Mortgage borrowing fell in August
Latest Bank of England data showed that net borrowing of mortgage debt fell by £200 million month-on-month to £4.3 billion in August. This came after a £900m decrease to £4.5bn in July.
Mortgage approvals fell last month as uncertainty hit one of the key indicators in the property market. Mortgage approvals for house purchases decreased by 500 in August, to 64,700. Approvals for remortgaging decreased by 900 in August, to 37,900.
Separately, borrowing of consumer credit by individuals remained flat at £1.7 billion in August. Within this, net borrowing through credit cards slightly decreased to £0.7 billion in August, from £0.8 billion in July. Net borrowing through other forms of consumer credit slightly increased, to £1.0 billion from £0.9 billion.
Sarah Coles, Head of Personal Finance from Hargreaves Lansdown said “Mortgage approvals stumbled slightly, after a positive few months. This isn’t a massive shift, and doesn’t deviate enormously from the previous 12-month average, but the direction of travel is important.
“Worries about the wider world, weakness in the jobs market, relatively sticky mortgage rates and higher house prices have dampened buyers’ enthusiasm. This has been reflected in fewer new buyers gracing the doorsteps of estate agents, spelling a sluggish few months for the property market. None of these factors are expected to alter significantly in the months to come, and when you add in all the uncertainty around the forthcoming Budget, and the usual winter slowdown, things aren’t looking massively optimistic for the property market.

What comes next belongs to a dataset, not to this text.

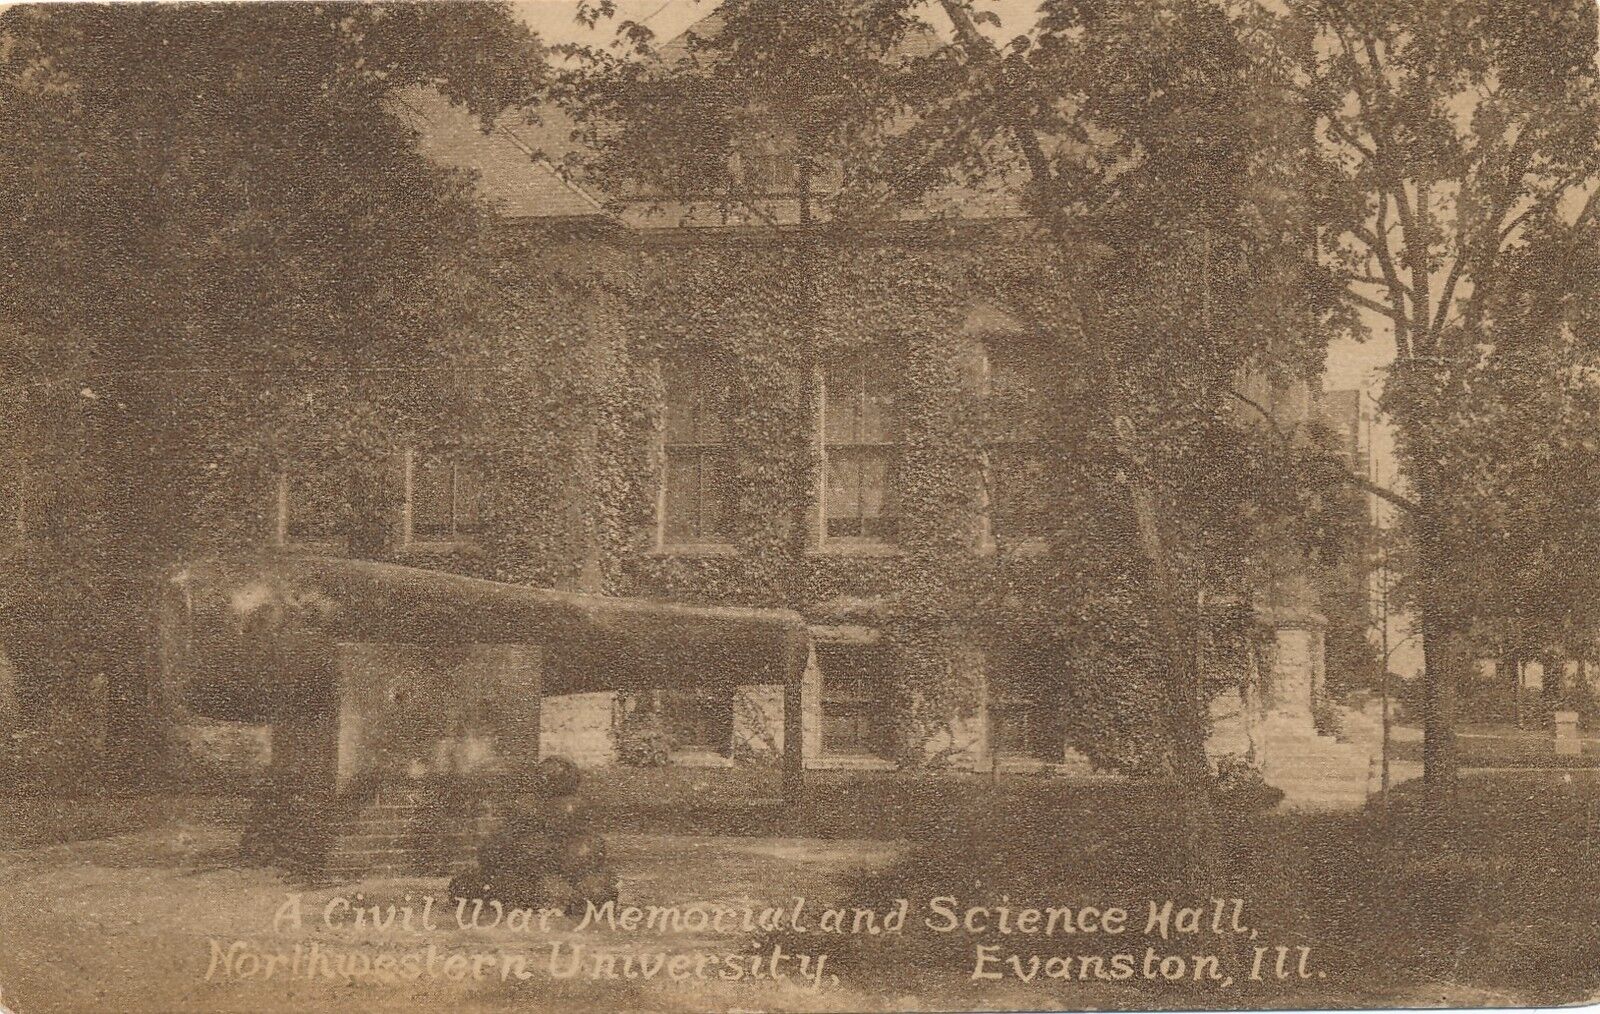 EVANSTON IL – Northwestern University A Civil War Memorial and Science Hall

“First-time buyers have their work cut out for them while prices and mortgages remain higher. The latest HL Savings & Resilience Barometer shows that homeowners under the age of 30 have average monthly mortgage payments of £805 a month. They face spending a much heftier proportion of their income on keeping a roof over their head than older owners. It means it’s worth doing what you can to boost your deposit, and keep monthly payments to a minimum. If you have a Lifetime ISA, maxing out your contributions for this year could mean an extra £1,000 top up from the government. If you don’t have a LISA, and you qualify for one, then if you have at least a year until you plan to buy – and you aim to buy something worth £450,000 or less – this could be your opportunity to take advantage.”